It's weird, isn't it, how Easter coincided with the latest round of handwringing about the Catholic Church. And it's easy, I think, to look at the latest revelations in isolation - yet more indication of how deep the priest-child abuse scandal went within the church hierarchy - and miss that there's a broader point here about religion generally.
For one thing, the problems the Catholic Church faced this week were not the only religion story to have legs: Scientologists scrambled to respond as further charges of abuse by David Miscavige surfaced, and more questions were raised about the Sea Org and Scientology generally.
And in all of this, I think, there's a point here about religion in the modern age, a point that links these troubles and others: the gradually decline of the ability to sustain a faith on mysticism alone.
That may seem less immediately apparent in the Catholics case, but stay with me on this one; one of the problems that showed up this week was the sense of the current Pope having a past. The various questions about what Cardinal Ratzinger did or didn't do, as Archbishop of Munich or as head of the Congregation for the Doctrine of the Faith, were ones that seemed, very much, to just bloom out of the blue. And "a past" is generally not what we talk about with Popes. It violates, as some noted this week, the general directive of the Church that the Pope is infallible and not to be questioned or challenged. Maybe... but how about the jobs the Pope held before he was Pope?
And isn't that question, really, a good indication of what it means to bring a centuries old organization into the 21st Century?
It's harder, after all, to shroud religion, any religion, these days in a sense of mystery. Many have noted the trouble the Church has finding Saints to canonize in recent years - too easy to explain away what used to be "miraculous" with science, or videotape, or such. And the abuse scandals too have lifted the veil on secretive workings of the Church's organization - the shifting of abusers to different parishes, the uselessness of their system of "counseling", the failure to report misdeeds to the prop[er authorities (never mind the legal agreements of enforced silence). None of that, really, is as possible to do now, or to hide as effectively.

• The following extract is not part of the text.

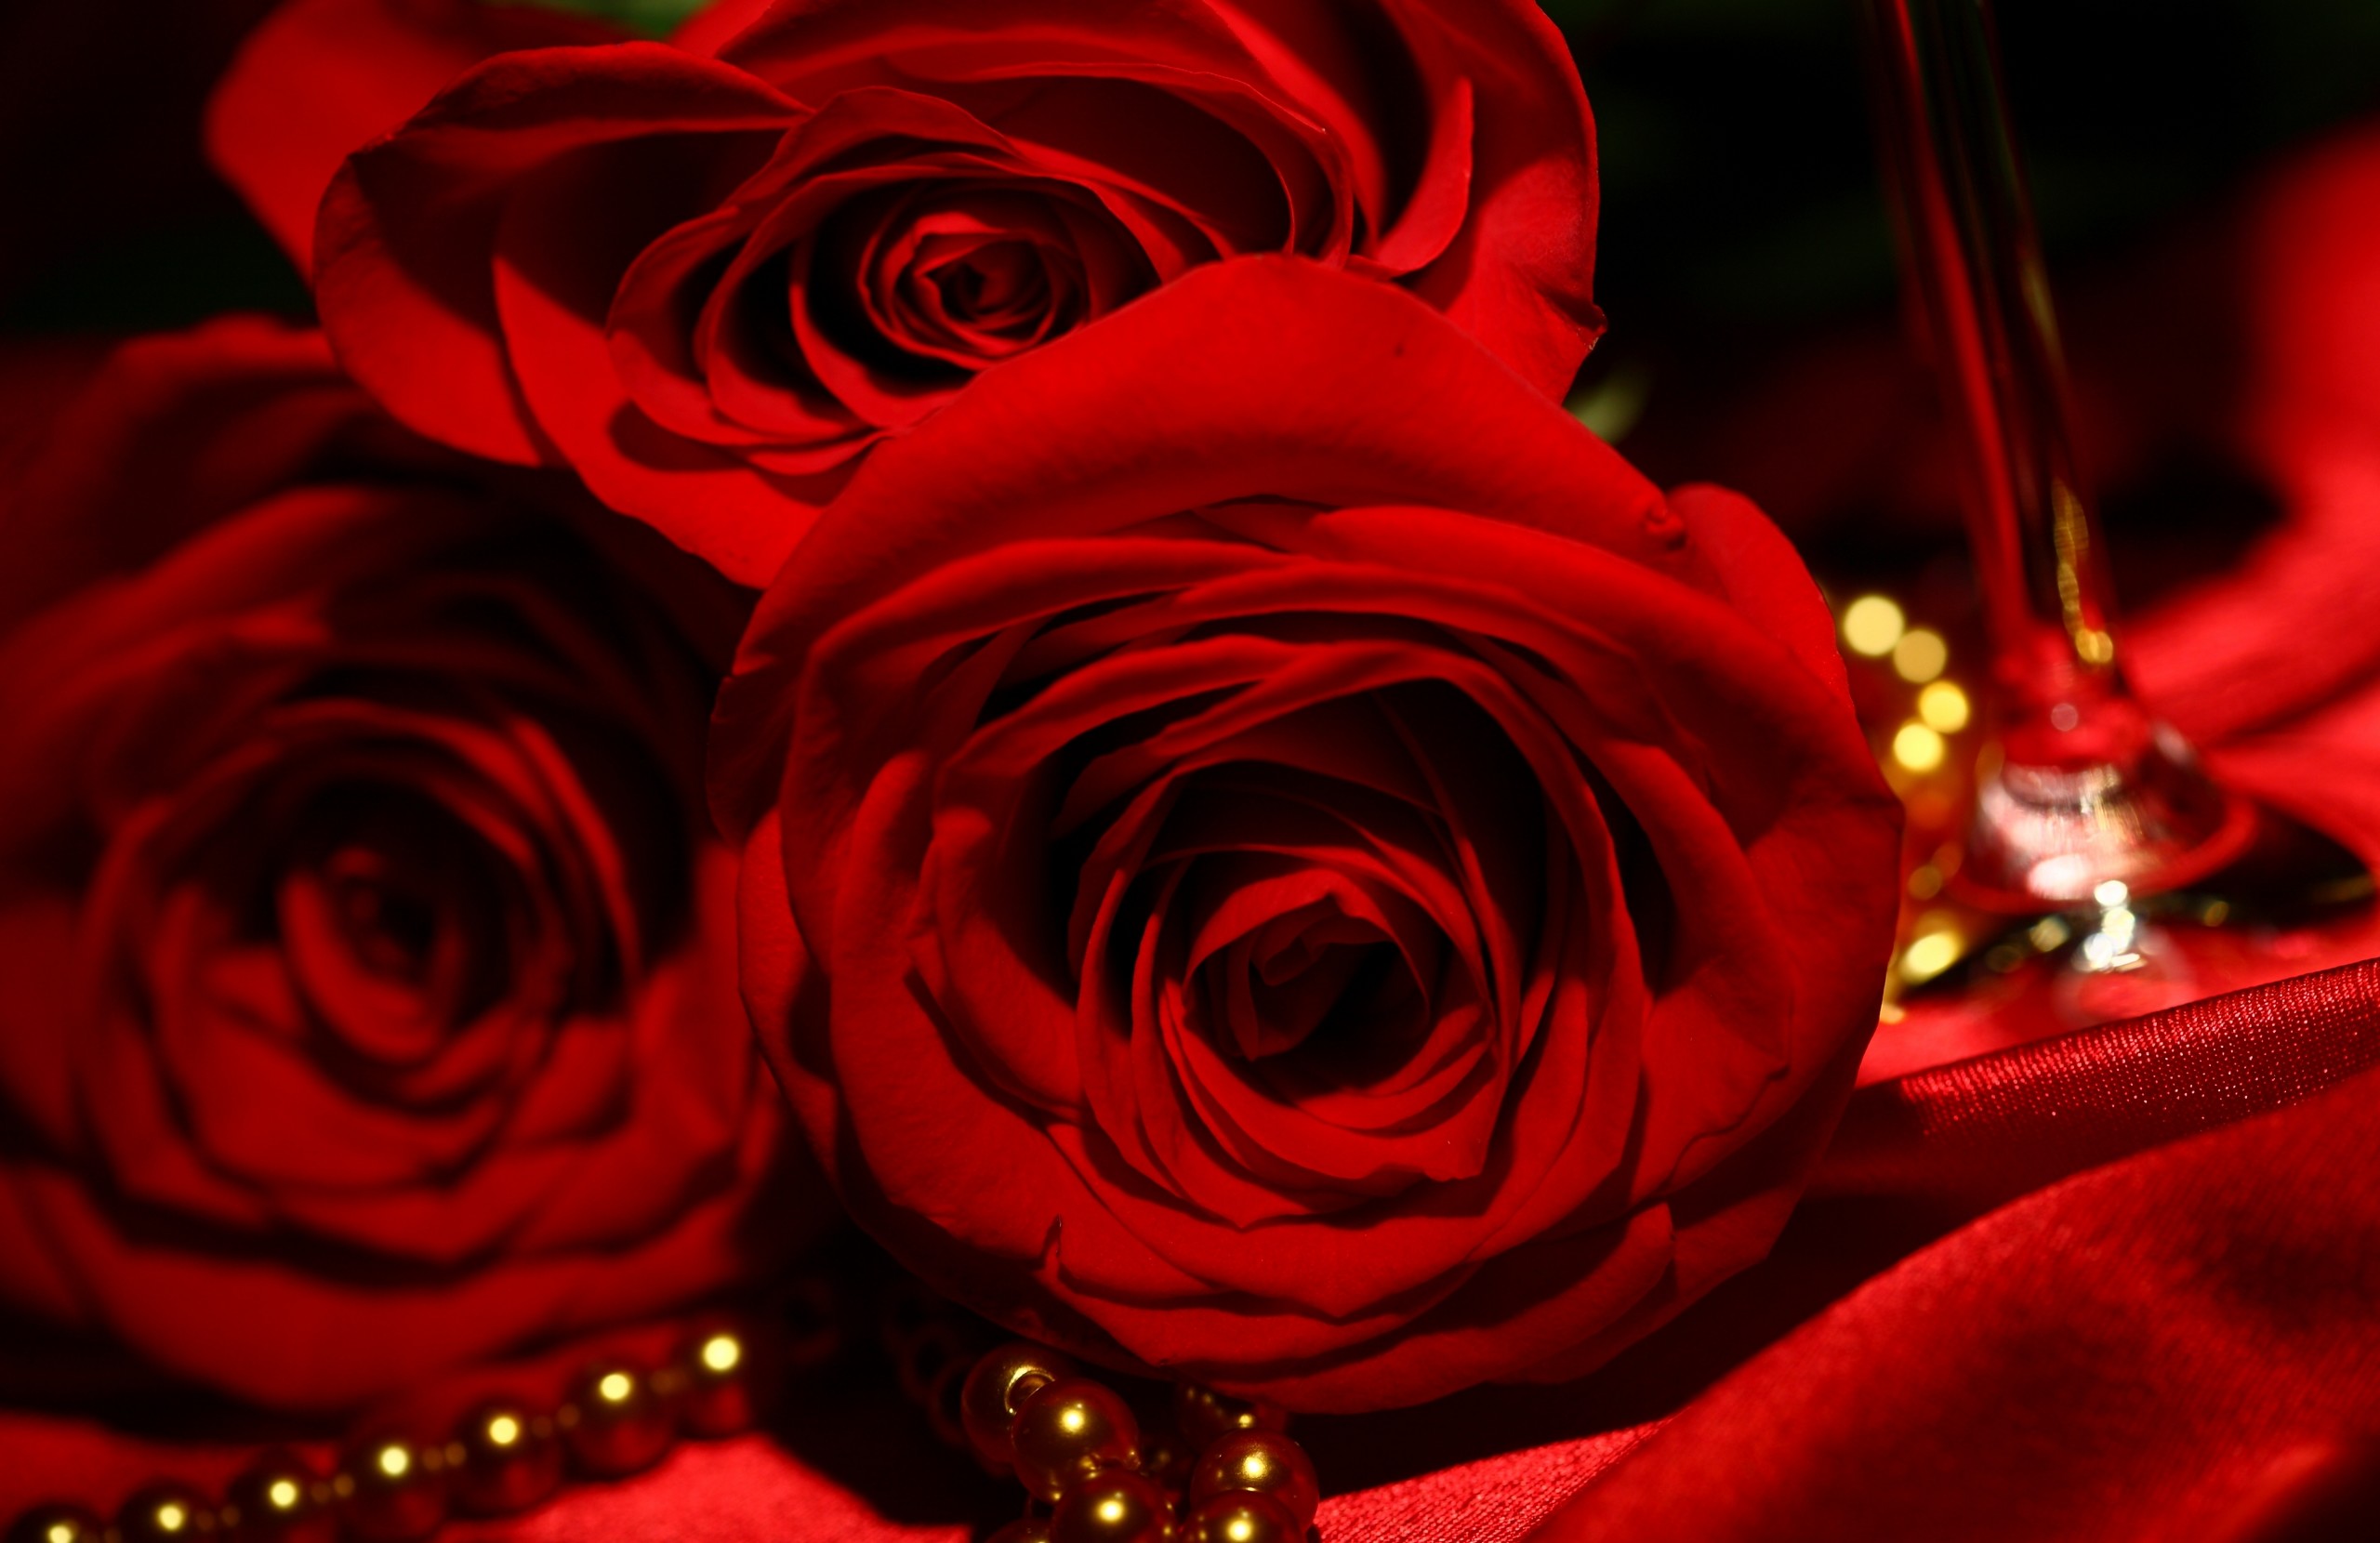 Red Rose Wallpaper Image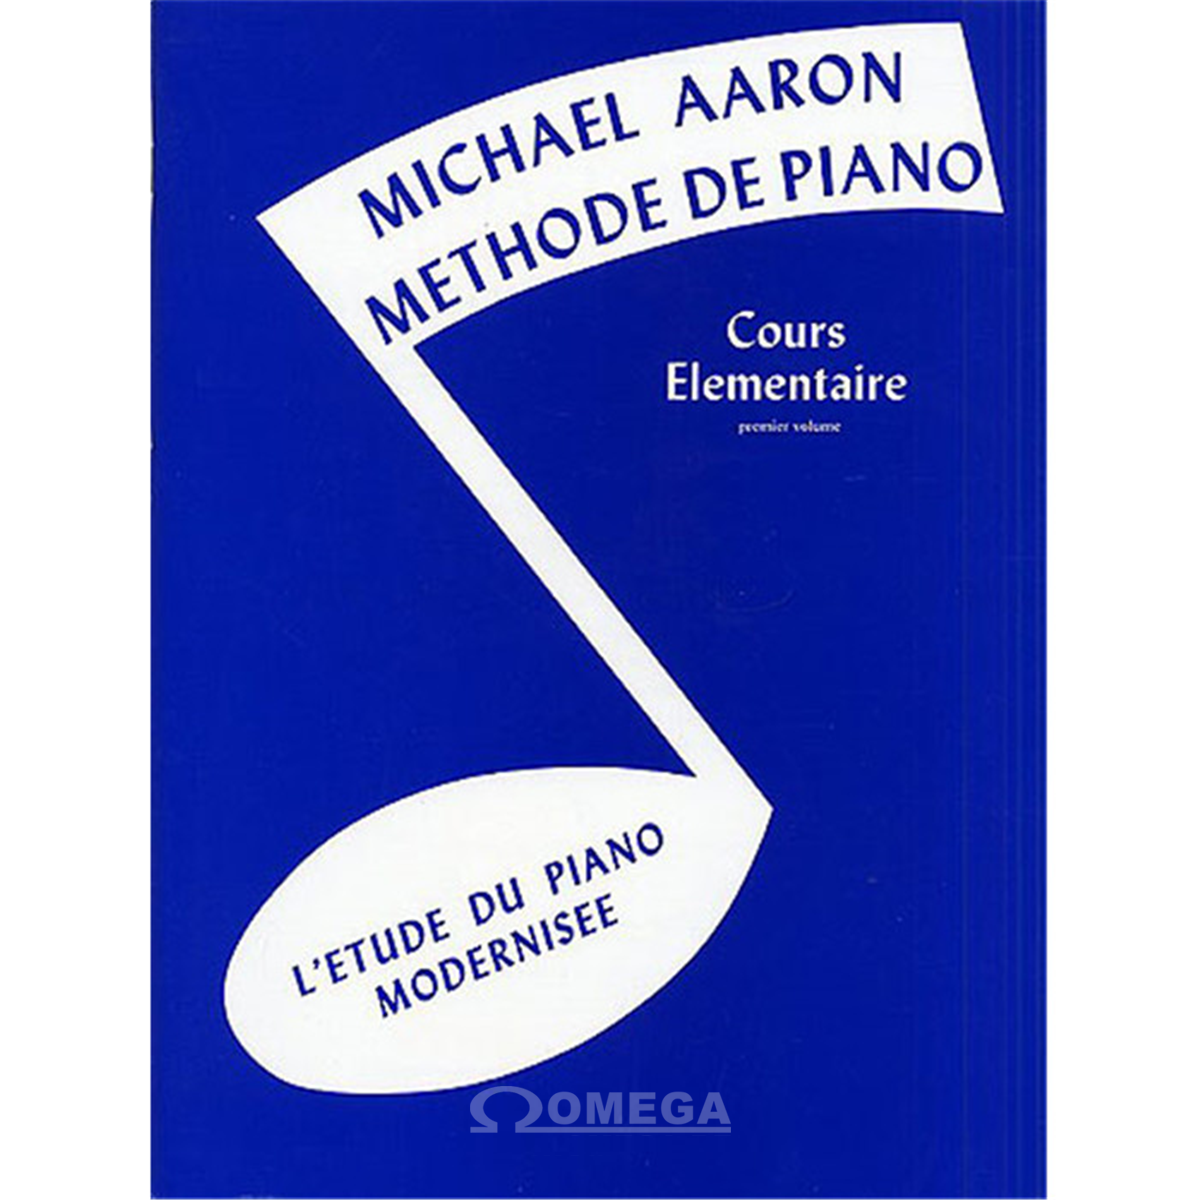 AARON Michel Méthode de Piano Cours Elémentaire Vol.1

Scientology, and other more recent religions face even bigger challenges, because so much of their basic text, and their tenets of belief, have been up for scrutiny long before they could enter the hazy realm of beliefs that we uphold on tradition as much as anything else (yeah... let's just leave it at that rather than discussing Virgin Birth or, say, the Resurrection). Scientology's odd discussions of aliens and bad energy, "clearing" and such have been under scrutiny since about the time Dianetics first appeared; and those questions, as much as anything, have driven the skepticism that leads to further investigation of Scientology as an organization. It's easy to say Scientology invited many of the problems it has now... but really, what faith can stand the kind of questions aimed at Scientology's beliefs?
Just ask the Mormons. It's been a while since Mormonism faced more public investigation, but that's likely to change if, as expected, Mitt Romney renews his chase for the Presidency in 2012. Questions about the Book of Mormon, about the veracity of cliams of golden tablets and other legends within the faith, are bound to reoccur, along with further examination of the curious history of the faith, more looks at Utah, and of course, more discussions of polygamy and outliers in their faith. Even without Romney - his viability is by no means assured - it's entirely likely more polygamist stories alone will drive further examinations, and more struggles for Mormons to back away from extremists and traditions within their own church.
How can faith survive, in such a graceless age? Not easily... but I think it's too soon for triumphant atheists and agnostics to assert religion is dead. Many people need... something. The continued popularity of some evangelical churches, "Christian" pop music and such suggest that there is a modern compromise to be made. In Tucson, I noticed that Joyce Meyer is back with another book, and like Joel Osteen, I think she represents one of the ways to make a modern compromise about faith: make religion less about automatic belief in quesitonable mysteries and unexplainable phenomenon; and focus, instead, on teaching ourselves to be better people, based on internal faith. The real "prosperity gospel" after all, is that we have the potential be better people, already within ourselves.
The question for religious organizations, then, is how to navigate this modern world, and how to live in a world that's more real, more present, that leaves less room for mysticism and the inexplicable. Expecting people to give over control to religious leaders who rely on dogma and legend and myth, strikes me as unrealistic, and getting worse. We know too much, can see too much... and that knowledge cannot just be explained away, or driven out. Progress may not be perfect... but fighting the changes wrought by our scientific advances, tghe electronic world, and now the internet seems like fighting the inevitable. That fight against the very nature of our modern world, I think, is why the Catholic Church and the Chruch of Scientology seem to be on the losing end of the news, these days. The heart of the matter of faith, really, has to be about more than believing in the unbelievable.